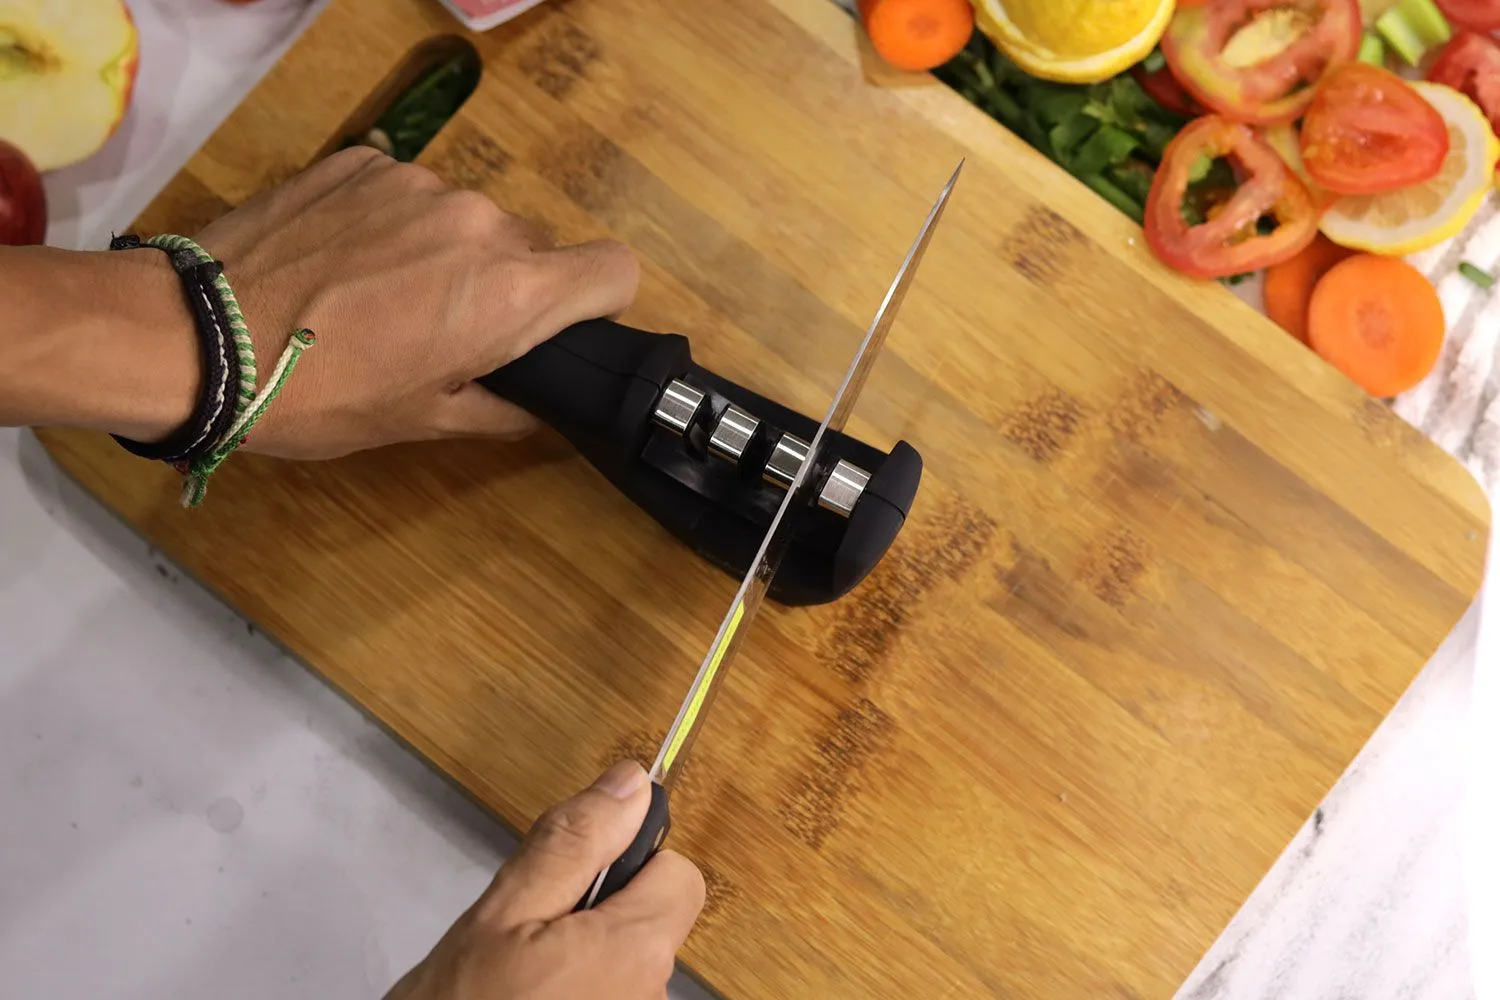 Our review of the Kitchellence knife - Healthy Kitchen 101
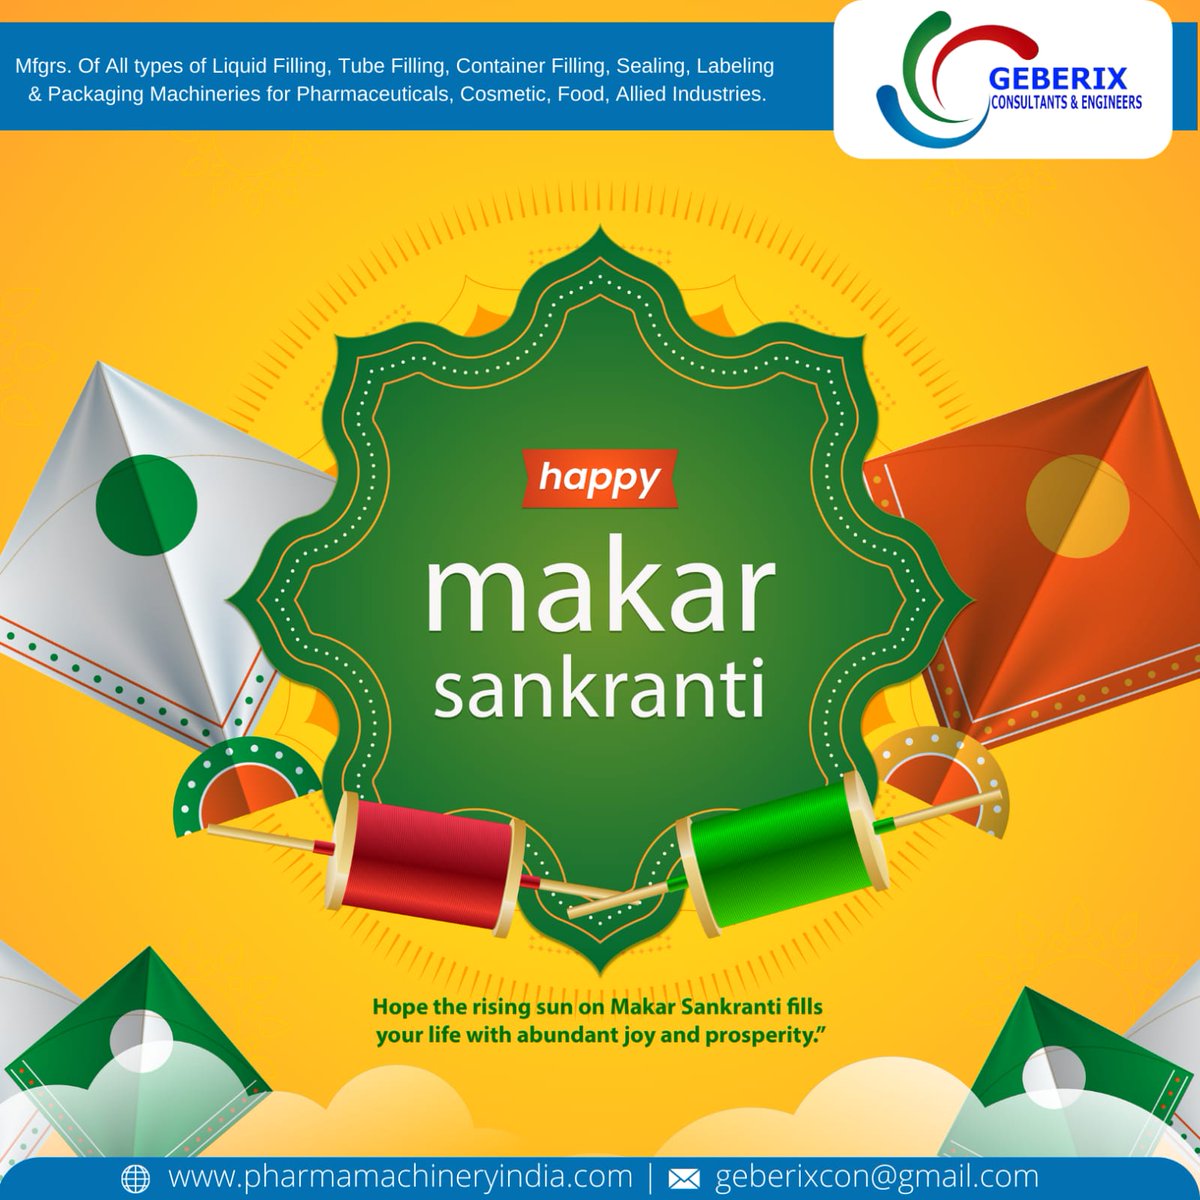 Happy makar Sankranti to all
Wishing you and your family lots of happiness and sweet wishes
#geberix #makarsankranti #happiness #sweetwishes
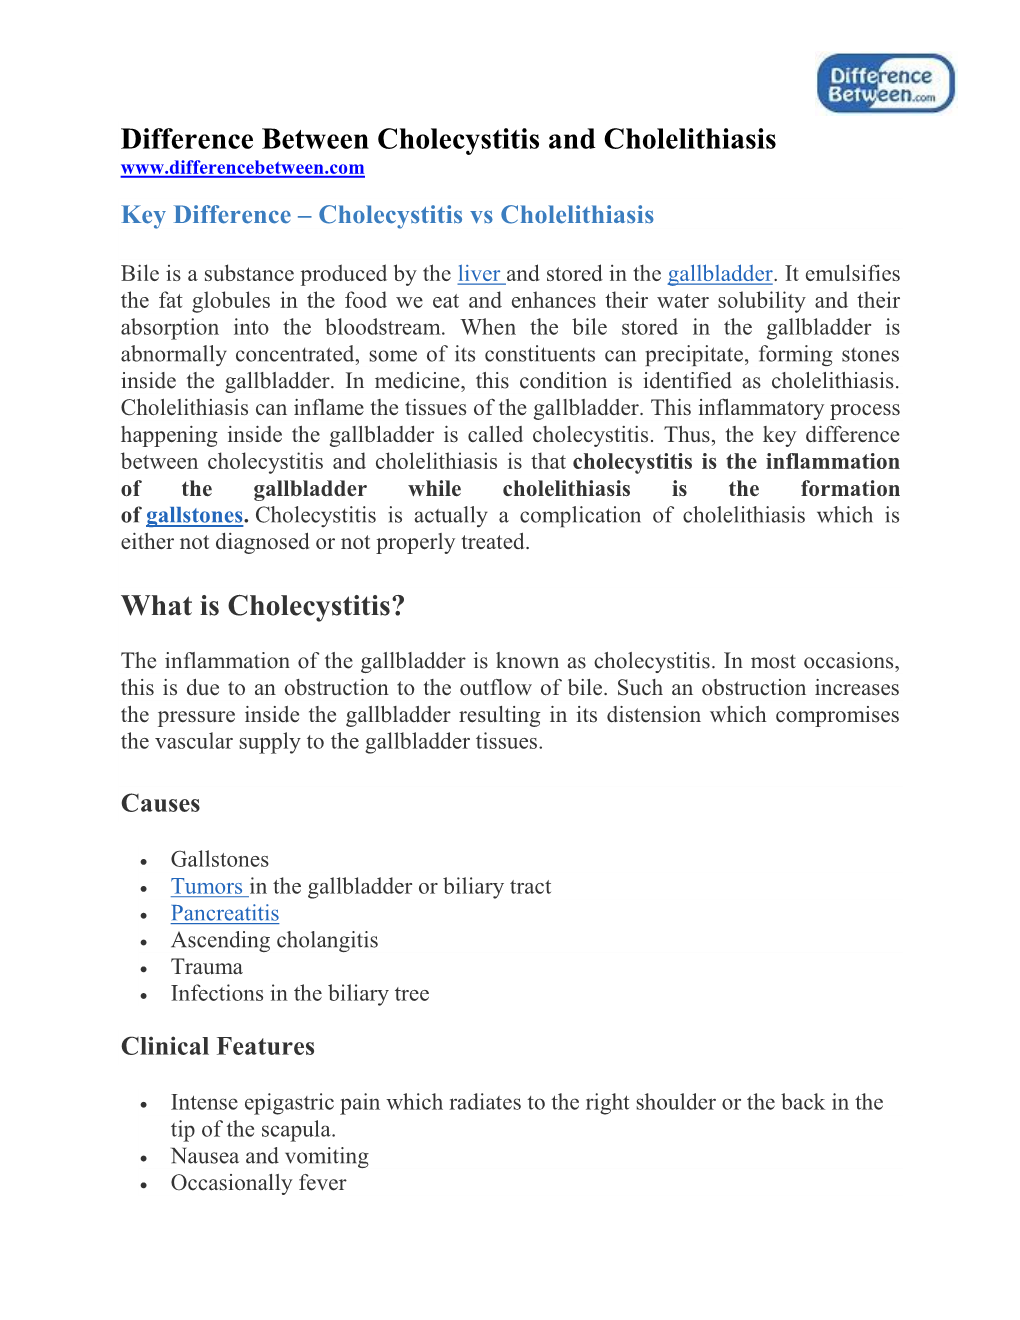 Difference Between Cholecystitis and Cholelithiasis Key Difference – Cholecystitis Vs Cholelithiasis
--------------------------------
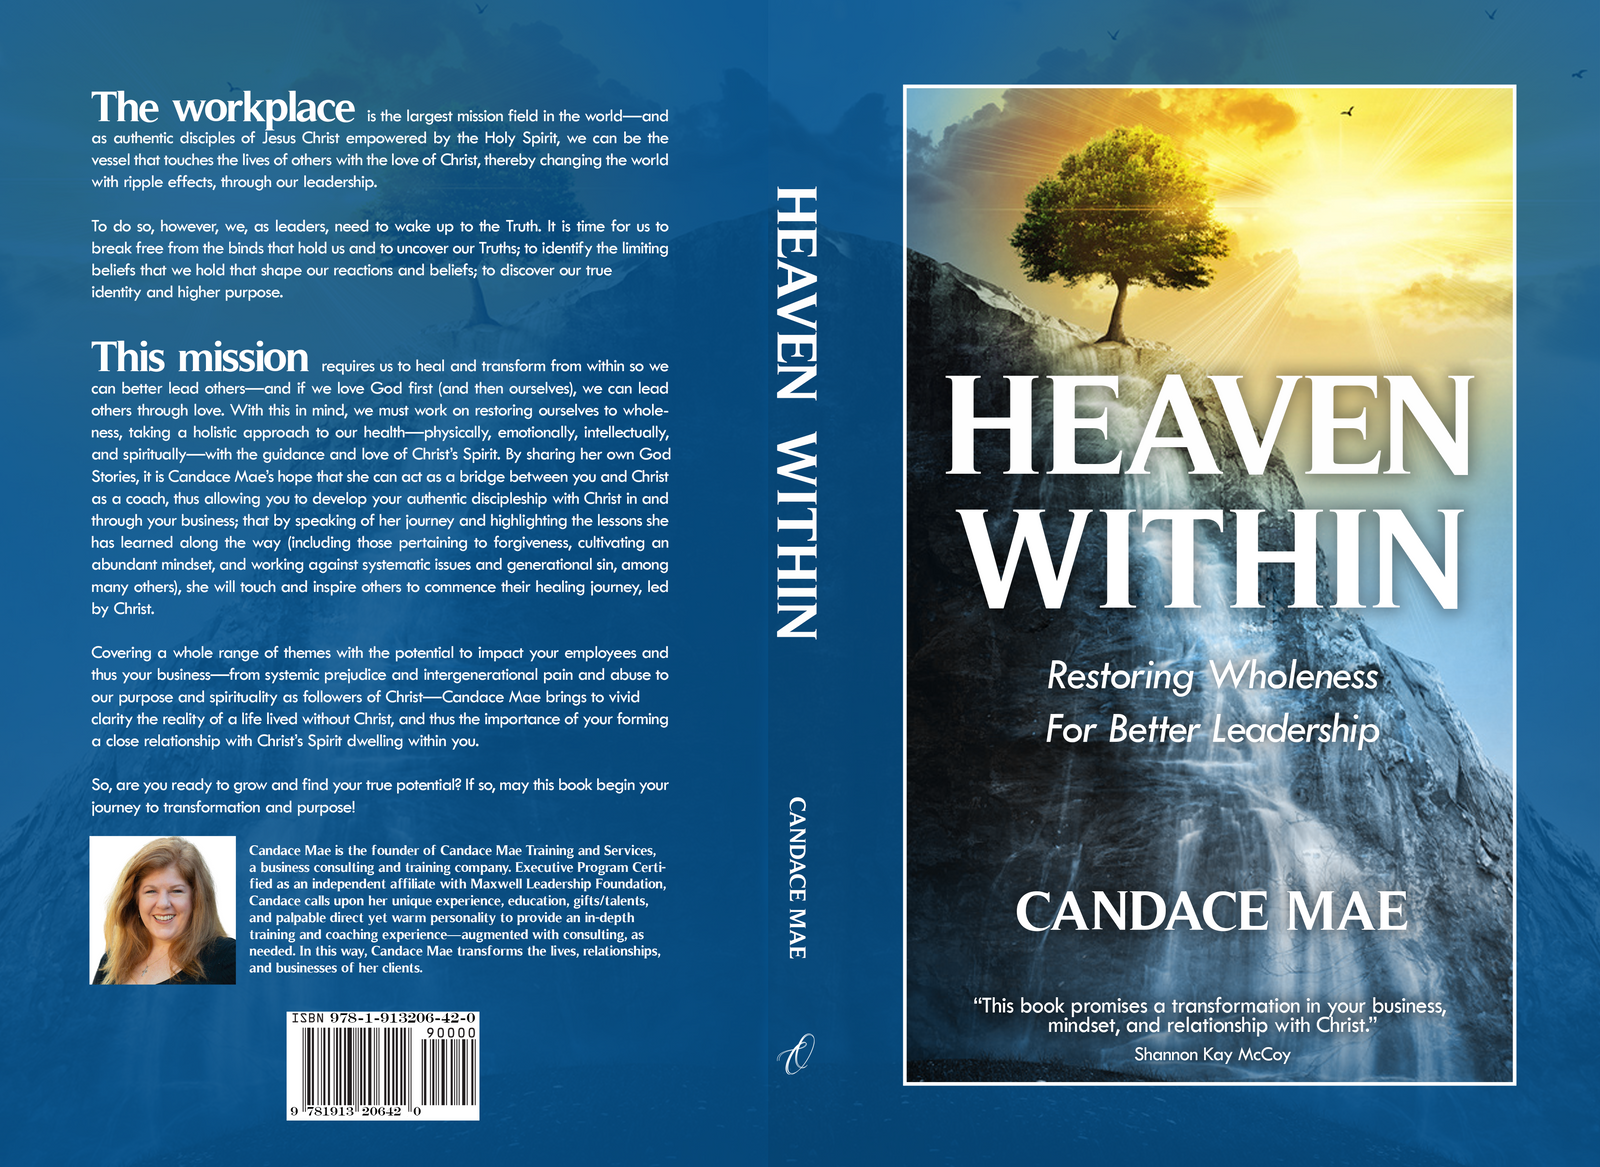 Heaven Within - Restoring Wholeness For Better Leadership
--------------------------------
- **WHAT THE TASK REQUIRES**:
An exact copy is needed. It runs from the line above containing "Our review of" down to the line containing "Difference Between Cholecystitis", both included, with no pictures.

- **SOLUTION FOR THIS TASK**:
 Our review of the Kitchellence knife - Healthy Kitchen 101
 Happy makar Sankranti to all
Wishing you and your family lots of happiness and sweet wishes
#geberix #makarsankranti #happiness #sweetwishes
 Difference Between Cholecystitis and Cholelithiasis Key Difference – Cholecystitis Vs Cholelithiasis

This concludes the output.